Without those answers, what follows is our account. We're sharing everything and letting you judge for yourself.
If what you need most right now is assurance that this won't happen again, and to know what we're doing for affected customers, you can jump ahead to What We're Doing and Making It Right.
But we'd ask you to read through. On the surface, this looks like a company that didn't pay its bills and got suspended. The full picture tells a different story, and the evidence speaks for itself.
Coveralls has been providing code coverage analytics for 15 years. We're bootstrapped: no outside funding. Over 225,000 developers use Coveralls.io every day, and roughly 90% of them are open-source contributors who use the service for free. [1]
We have never experienced an outage like this in our 15-year history.
More than once, over the past year, we asked our account manager directly whether we were at risk of suspension.
Each time, the answer was no. He told us suspension was designed to be rare, that it was reserved for accounts that had gone delinquent—stopped paying, and stopped communicating—and that it required his sign-off, and his manager's.
He told us he received a regular list of at-risk accounts among those he managed, so he could review them and give feedback before any action was taken. He told us we had never appeared on that list.
He said our provider knew we were paying, and knew we were actively communicating, with AR and with him. Based on everything he told us, suspension wasn't just unlikely, it wasn't supposed to be possible. At least not without warning.
Tuesday, Feb 24 — Day 1
1:45 PM PST: We suddenly lose access to our hosting provider's console. The service is still up, so we assume it's a technical issue. Multiple team members try their credentials. None work.
2:42 PM: We receive our first support request saying, "posting coverage data stopped working", but we don't see it until 2:51 PM due to the next event.
2:45 PM: A team member gets past a login screen and sees a message: "Your account was suspended because of past due charges." We don't believe it. We reach out to our account manager by email, then text, then phone. He confirms an "account restriction" that, based on his review of our account, "shouldn't have happened", and shares that an internal note on our account says, "Customer has made no payments for 6 months."
2:51 PM: We see the first support request.
2:52 PM: We open an incident on our status page. At this point, we are still expecting this to be reversed quickly and do not yet disclose the suspension publicly. In hindsight, we should have.
~3:00 PM: While we're on the phone with our account manager, one of us discovers the official suspension notification in our inbox, timestamped 2:03 PM, about 15 minutes after we were first locked out. Our AM asks us to create a new support ticket and promises to escalate. Two hours fly by while we feverishly collect and send evidence of improper suspension. We expect our AM to get this reversed as soon as he gets through to—someone.
5:36 PM: No definitive update. Our AM is "still working on it." He tells us the AR team involved is on Eastern time and may be gone for the day. We post that the issue has been identified and a fix is being implemented. We believe this.
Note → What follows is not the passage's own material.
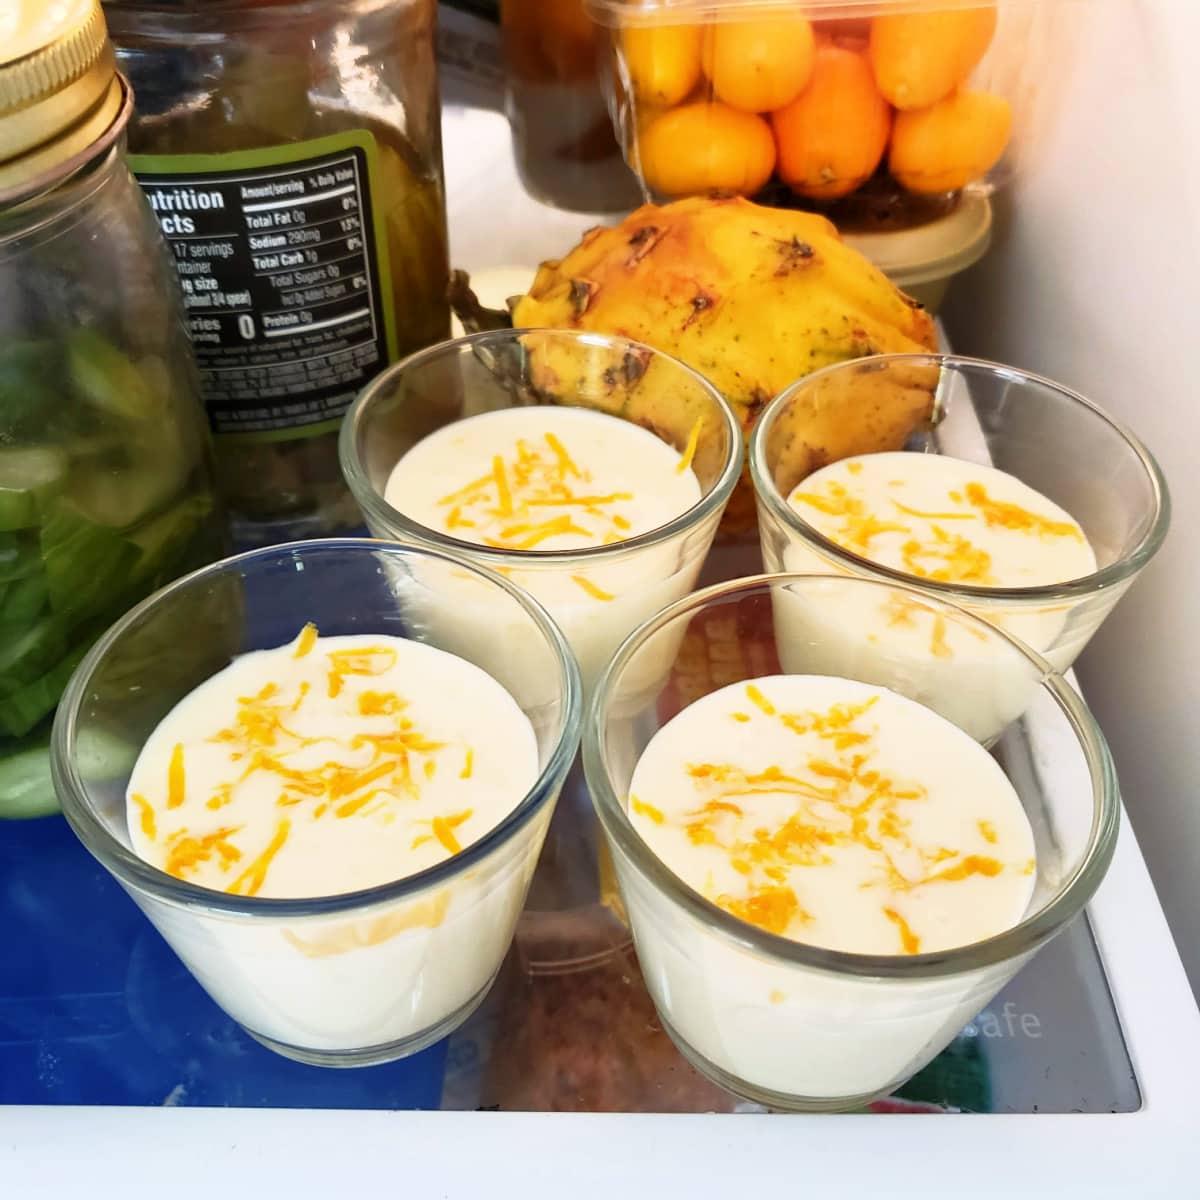 4 glasses with Meyer Lemon Posset are on a refrigerator shelf with other jars and items

We are wrong.
7:28 PM: No resolution. Our account manager tells us he continues to escalate but that under the current circumstances, he himself has "limited access" to our account. Still—should be fixed by morning. We update our incident, extend the outage window, and recommend fail-on-error: false for CI workflows.
~9:30 PM: Still no resolution. We check status throughout the night.
Wednesday, Feb 25 — Day 2
6:45 AM: We text our account manager, surprised service has not been restored.
9:48 AM: First public disclosure — outage originated at our infrastructure provider. We are unable to access our account.
5:56 PM: After a full day working with our provider's account team, we learn more about the restriction. Not a technical failure—infrastructure and data intact. Their team indicates they are working to reverse it, and we expect resolution by morning.
Thursday, Feb 26 — Day 3
6:53 AM: Still waiting. "We thought this would be resolved by this morning."
5:13 PM: After a full second day of trying to get answers as to why this is happening, and why it hasn't been resolved yet, the picture remains unclear. No ETA. "What appears to have been an automated action, one that no one on their side has taken ownership of causing or fixing." We commit to evaluating backup infrastructure and promise a full post-mortem.
Friday, Feb 27 — Day 4
7:41 AM: "As we pass milestones in this outage that we never imagined we would see (and haven't in 15 years of operation)..." We announce that if not restored by EOD, we will stand up new infrastructure over the weekend.
11:02 AM: Systems begin coming back online. We have not been told what changed.
11:11 AM: Service partially restored.
12:23 PM: After one hour of monitoring, cautiously optimistic that service is fully restored in all regions.
2:30 PM: After two more hours of monitoring, the incident is officially marked resolved. Total outage: approximately three days (68 hours) across 4 calendar days.
Here's what we found when we started looking for answers:
The first thing we learned about why our account had been suspended was what our account manager told us: there was an internal note from AR that read:
Customer has made no payments for 6 months.
This was demonstrably false. Here is our payment history for that exact period—September 1, 2025 through February 24, 2026 (the date of our suspension):

We shared this evidence with our provider immediately, backed by bank statements:

But it raises the question: if we were paying, why would our provider think we weren't?
When we look at our billing console we can see why someone might think we hadn't paid: it shows none of our payments.
Invoices we know to have been fully paid show none of our payments against them.
Most notably, the Transactions Tab of the Payments section of our billing console contains no payment records for last 6 months—resonating with that internal note:
If an automated system relied on this same data to determine whether a customer had made payments, and that data showed six months of silence, it might trigger exactly the kind of suspension we experienced: an automated action with no advance warning, with no one on their side able to explain it or willing to take ownership of it.
This is our strongest piece of evidence that the suspension was triggered by bad data, and not our actual account status.
—
To put this in context: over the six months during which the internal note claimed we'd paid nothing, our provider billed us $127,186. Our verified payments for the same period totaled $120,312—a gap of roughly $6,900, which is less than a third of the amount we were actively disputing in our second open billing case.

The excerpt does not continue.